Virgin picked for Northern Rock rescue

OFFER The consortium would repay £11 billion of the £25 billion the Bank of England loaned to Northern Rock, with the rest to come later. Shareholders are not sure

AGENCIES , LONDON

Northern Rock PLC will hold accelerated takeover discussions with a consortium led by Virgin Group, the battered mortgage lender said yesterday.

Virgin, which proposes to re-brand Northern Rock as part of Virgin Money business, says its consortium would repay £11 billion (US$22.7 billion) of the £25 billion the Bank of England has loaned to Northern Rock on the completion of the transaction.

The remainder would be paid "in due course," Northern Rock said in an announcement to the London Stock Exchange.

The Virgin Consortium also promised additional funding facilities to support the business.

Virgin's consortium, which also includes buyout firm WL Ross, investment group Toscafund and Hong Kong-based investment group First Eastern, said under its plan £1.3 billion of new cash will be injected into Northern Rock.

Half of the cash will come from the consortium and half will be raised through a rights issue at 25 pence per share. The consortium will also inject Virgin Money, the Virgin financial services company, into the bank, with an implied valuation for Virgin Money of ?250 million.

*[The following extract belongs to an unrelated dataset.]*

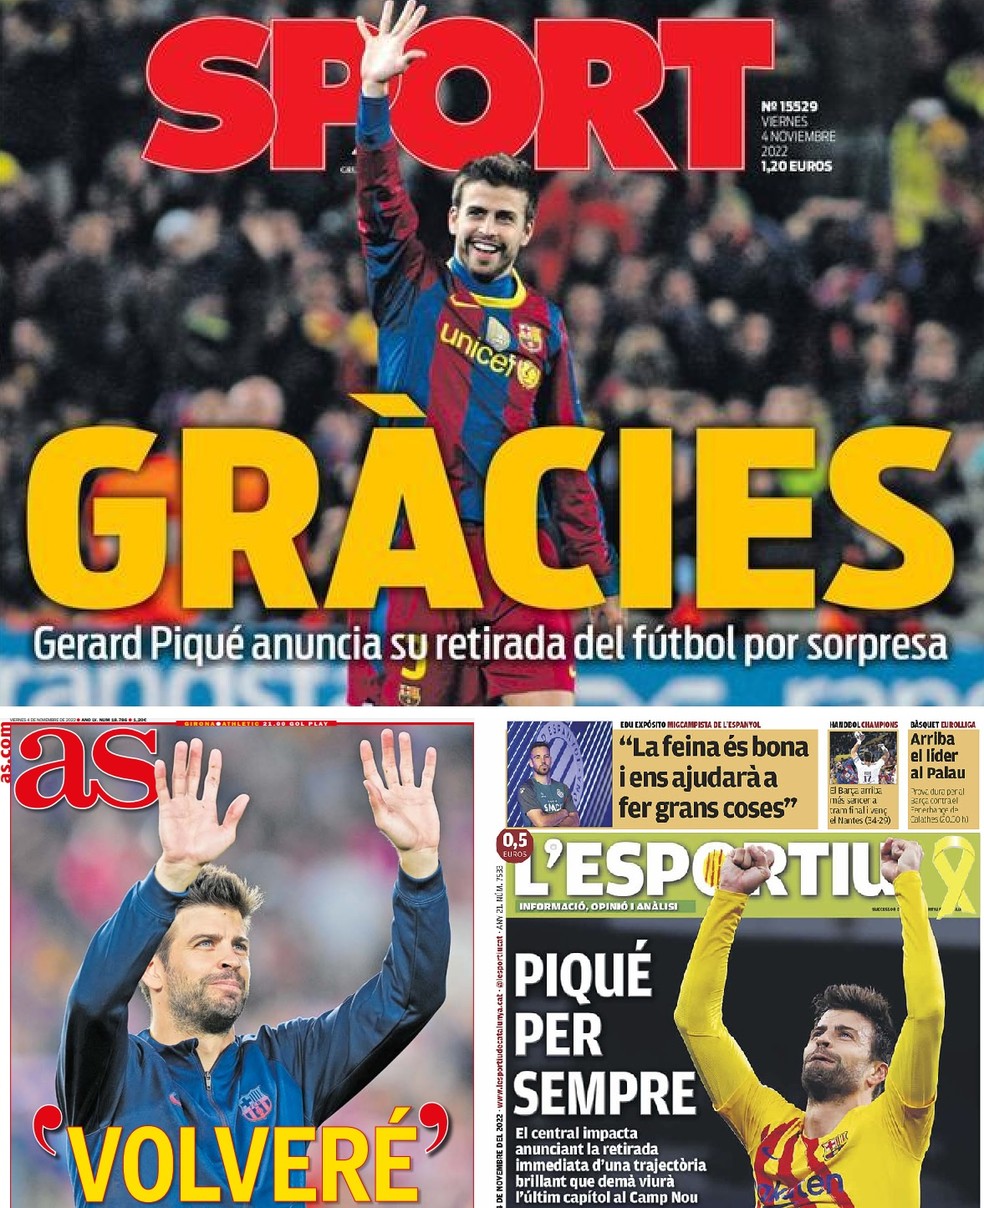 Capas de jornais espanhóis sobre a despedida de Gerard Piqué — Foto: Reprodução

The Virgin consortium will hold no more than 55 percent of the enlarged group if the underwritten rights issue of shares is fully taken up.

The market's first reaction was negative, with Northern Rock shares falling 11.5 percent in early trading on the London Stock Exchange to 76 pence. Within the first hour of trading, however, buyers bid up the shares to 87 pence, up 1.3 percent.

A deal could face problems from shareholders. Northern Rock's top two investors -- hedge funds RAB Capital and SRM Global -- have urged advisers to scrap the auction to prevent any "fire sale." SRM Global said an extraordinary shareholder meeting should be held to allow a vote on the sale of all or part of the bank.

Northern Rock said it did not consider such action "to be warranted or appropriate" but if necessary it would convene a meeting.

Shareholders could be told they need to accept a deal or risk the bank going into administration, people familiar with the situation have said.

Northern Rock ran into trouble in September after the subprime lending crisis in the US erupted.